FIG. 5E illustrates an example of visualization 500 adapted to user feedback selecting regions of interest within the graphical representations. For instance, user feedback may include a selection of a custom time window 518 and/or a custom parameter value window 520 (e.g., 520-1 . . . 520-N). These selections may be used to modify the focus of the visualization 500. For example, all data shown on the page, including in the log table, may be filtered according to the selected regions of interest.

For instance, the user can highlight specific time windows and/or parameter ranges by selecting the corresponding areas of the charts in visualization 500. Here, the selection of specific parameter values for parameters 1, 2 and 3 on a specific time window is used to highlight the relevant edges in the PCC, thereby facilitating the inspection of the corresponding logs. Also, the log table is updated to depict only the relevant logs.

FIG. 5F illustrates an example of visualization 500 adapted to user feedback selecting multiple regions of interest within the graphical representations for comparison. When it comes to selection, the user can also choose two different time windows (e.g., first time window 522, second time window 524) and compare their corresponding logs. The selected time windows may then be colored, shaded, patterned, etc. in distinct manners within the timeline and parameter distributions to differentiate between their respective data. The same visual differentiating scheme may also be applied to the connecting elements in the PCC diagram. This way, the user can easily spot the differences in the logs of each window in any parameter dimension or their combinations.

For instance, visualization 500 is modified with the visual differentiating scheme configured for a log comparison for two different time windows. Each window is configured with a distinct appearance, and the parameter distribution diagrams as well as the PCC diagram are configured to highlight the parameter values and combinations observed in each window accordingly.

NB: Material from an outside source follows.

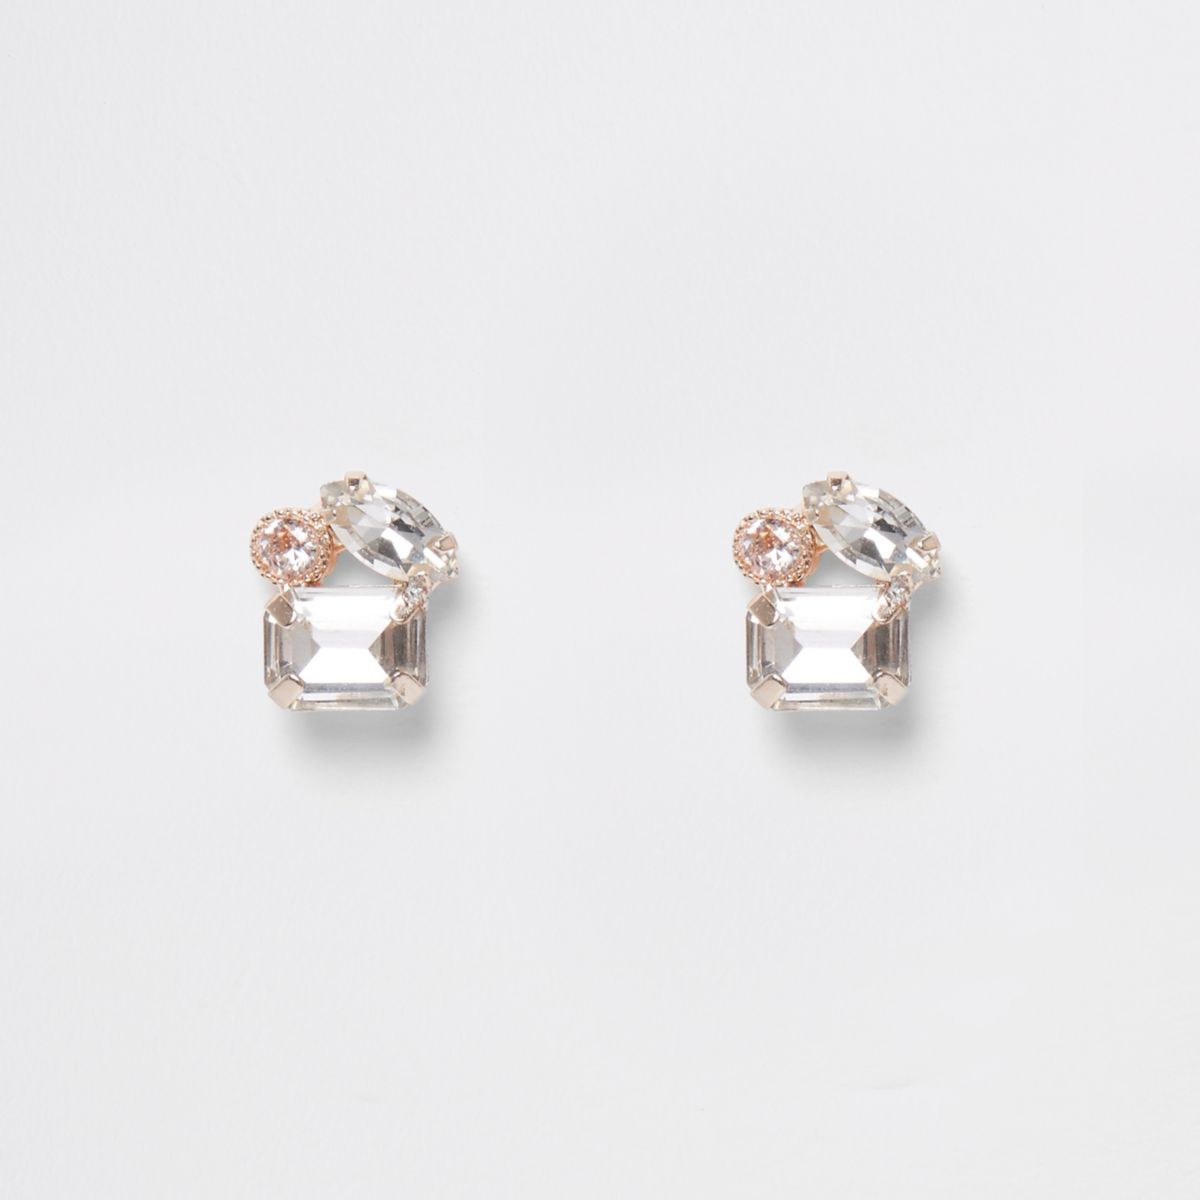 Rose gold tone three stone stud earrings
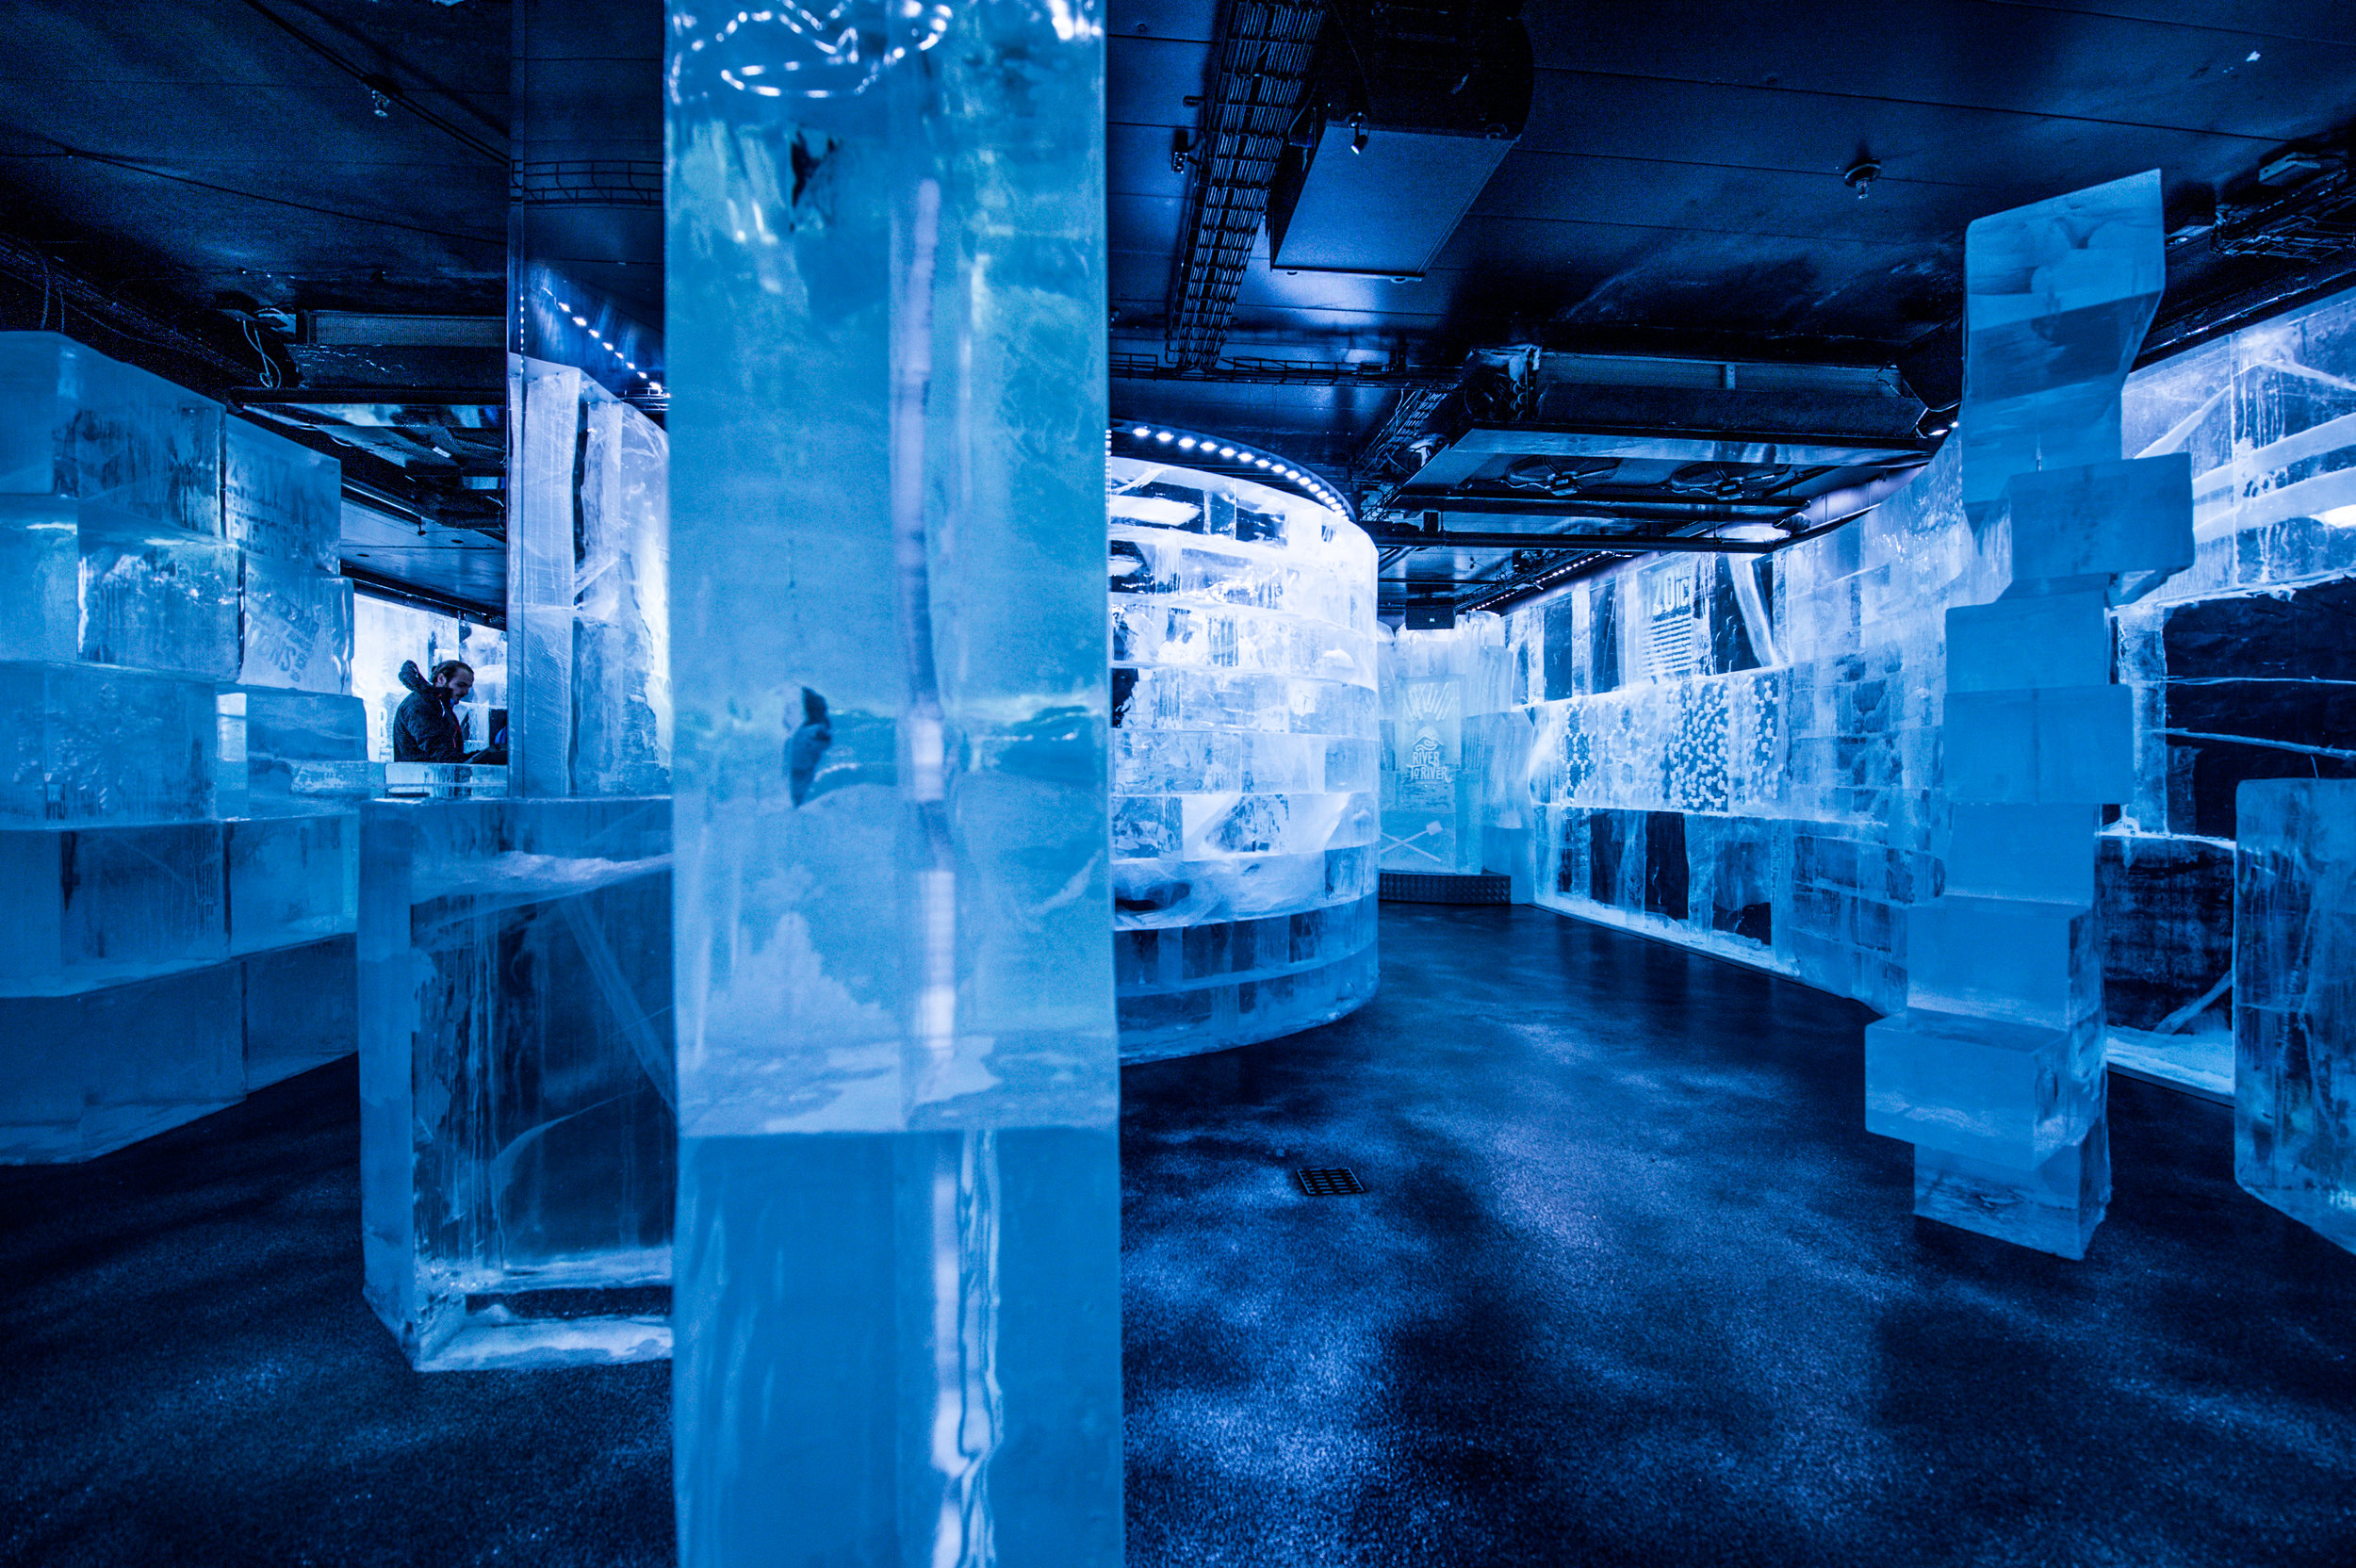 ICEBAR 2017 - Kalle Ekeroth, John Pettersson, Tjåsa Lucia Gusfors, Jon Nilsson, Mats Nilsson ,Mattias Eriksson. - by Asaf Kliger (11 of 16).jpg

FIG. 5G illustrates an example of visualization 500 adapted to a user customization. As previously noted, the user has the option to customize the logs depicted by providing additional names for the displayed parameters. Often, after interacting with the log data for some time, the users get a better understanding of the parameters displayed. In such cases, they might want to provide custom names 526 (e.g., 526-1 . . . 526-N) that make sense for their system and would facilitate greater efficiency in future monitoring operations. The users can suggest the custom names 526 through the text fields under the parameter histograms. Custom names 526 may complement the names already provided by the visualization system. In various implementations, the visualization 500 may briefly display a confirmation 528 to the user confirming that the customization was accepted.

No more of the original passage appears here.